WHAT THE TASK ASKS:
Leave out the pictures and output the data verbatim.
AVAILABLE DATA Block Start
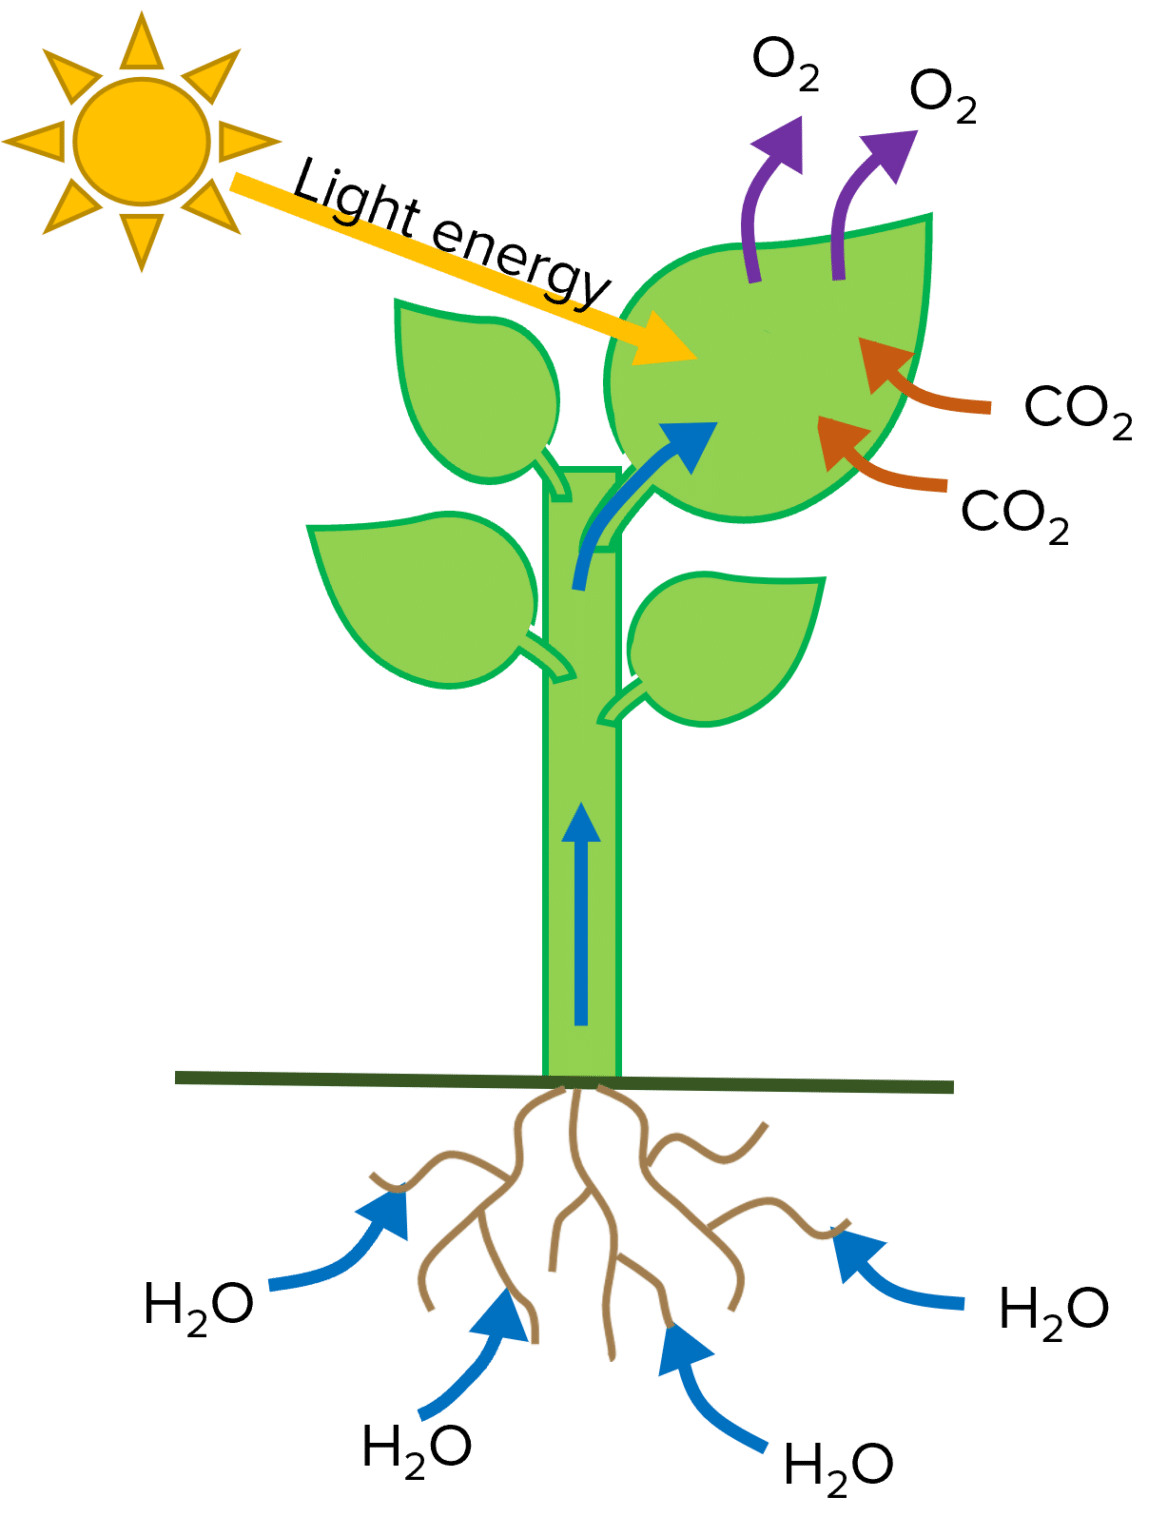 Photosynthesis Questions And Revision Mme
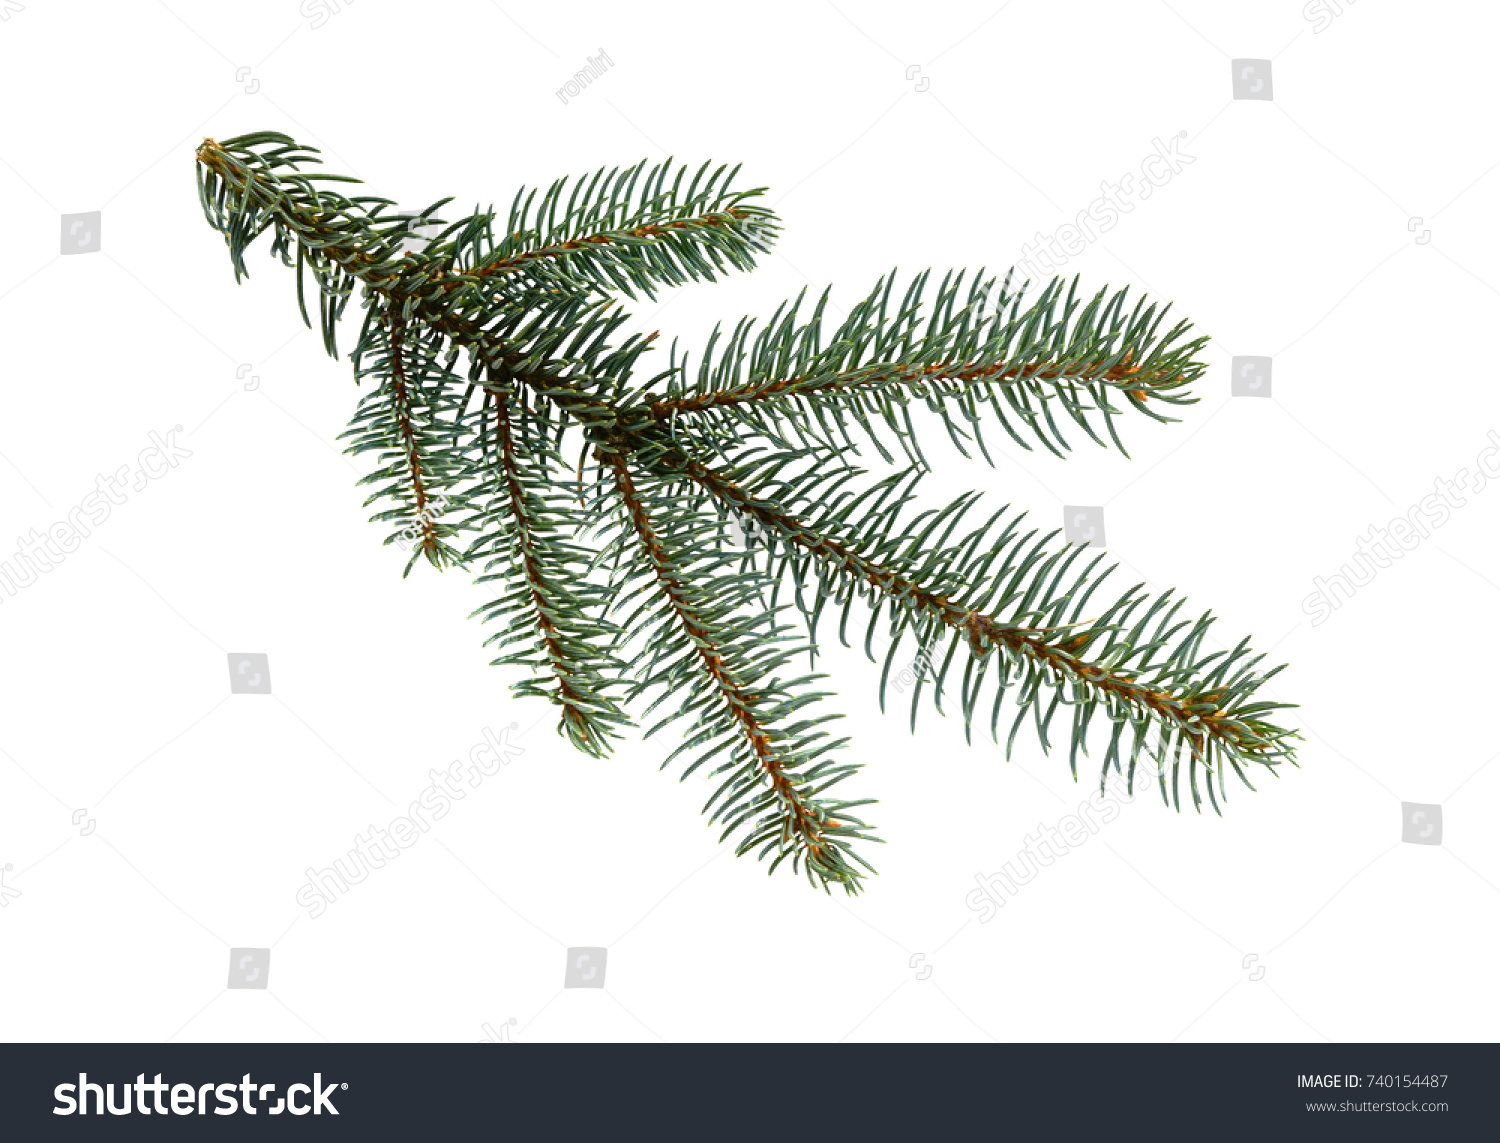 Fir tree branch isolated on white background. Pine branch. Christmas background. #740154487
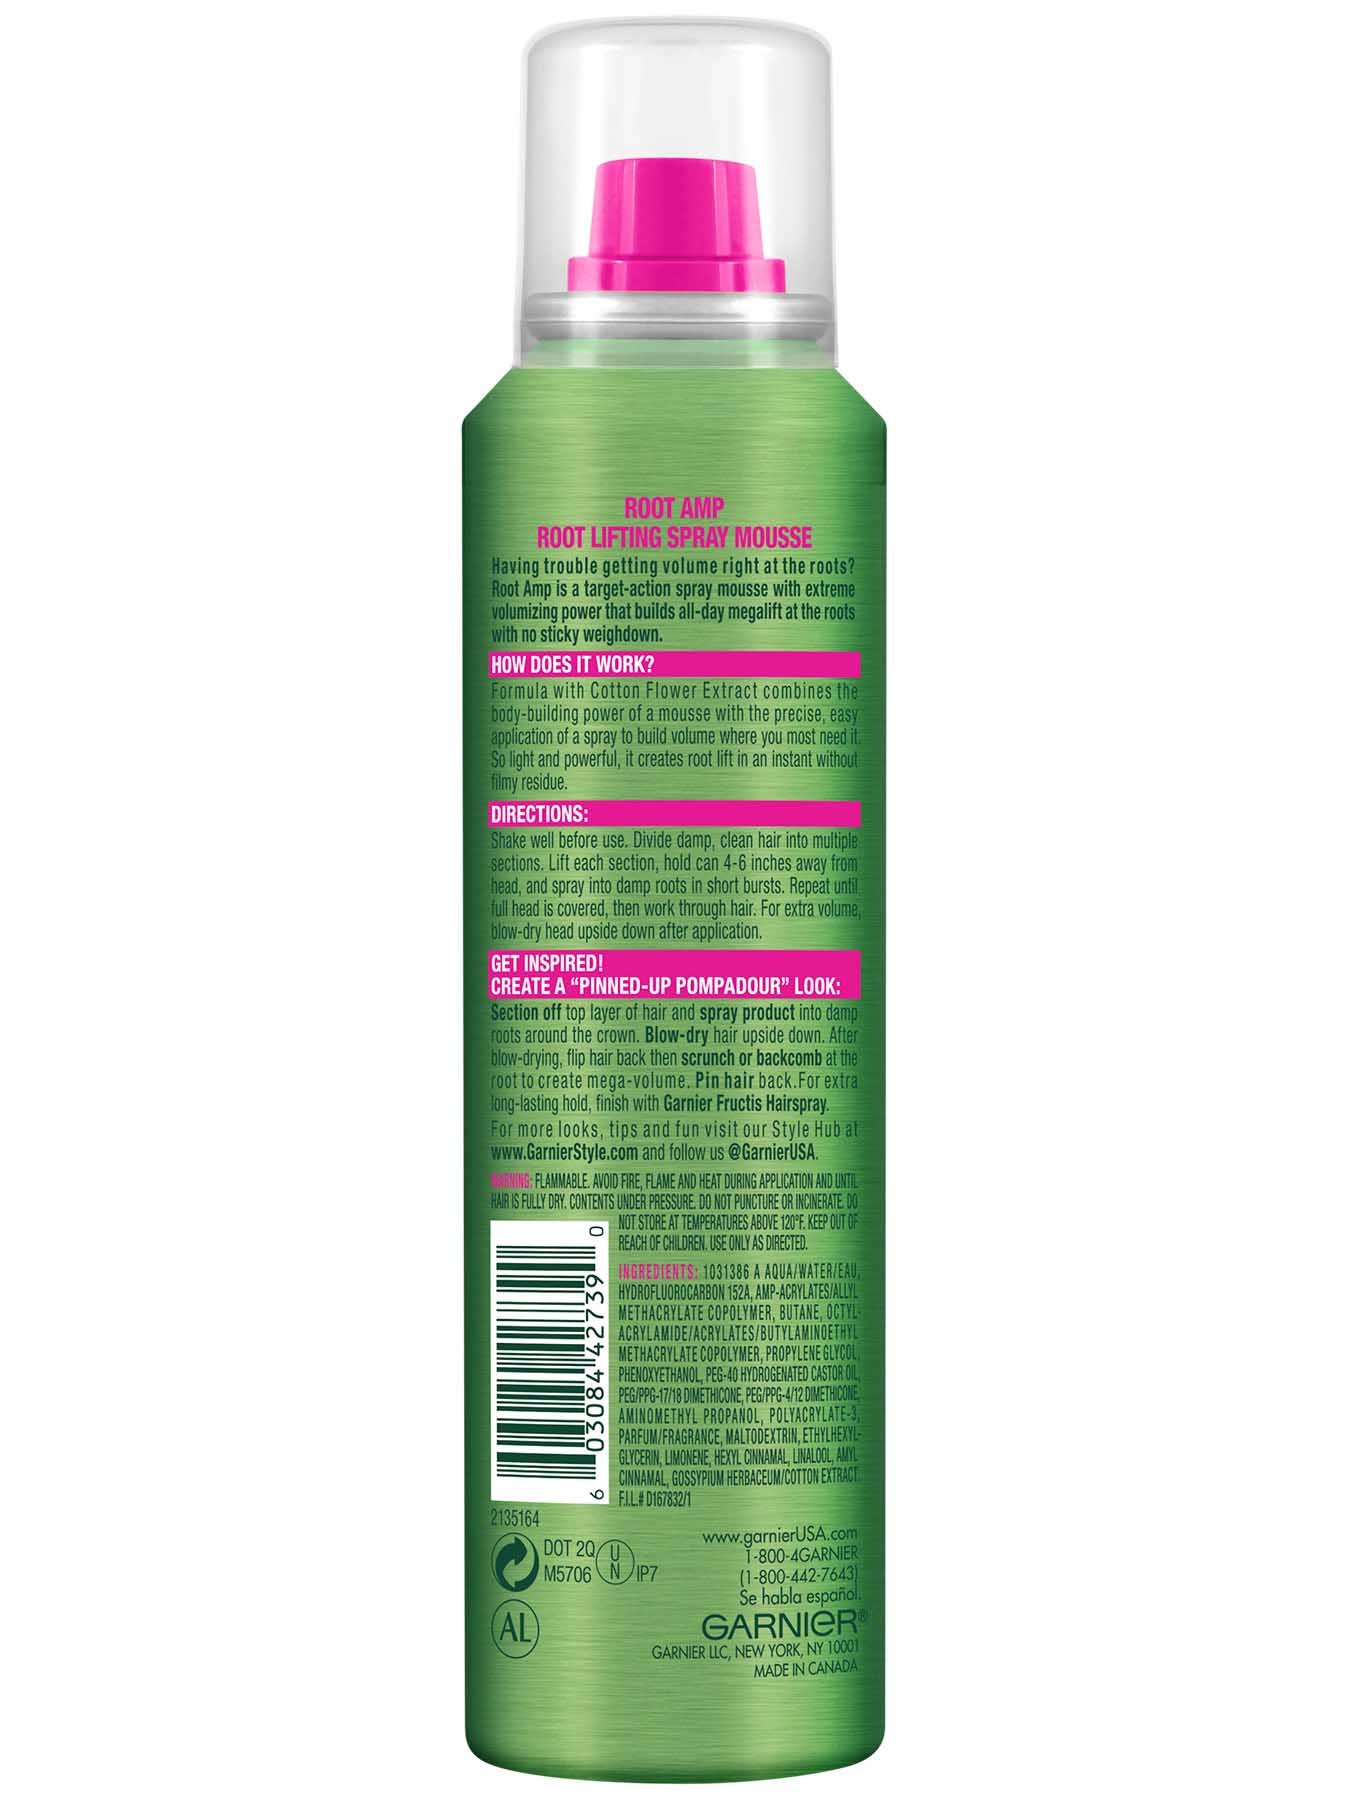 Back view of Root Amp Root Lifting Spray Mousse.
AVAILABLE DATA Block End
SOLUTION FOR THIS TASK:
 Photosynthesis Questions And Revision Mme
 Fir tree branch isolated on white background. Pine branch. Christmas background. #740154487
 Back view of Root Amp Root Lifting Spray Mousse.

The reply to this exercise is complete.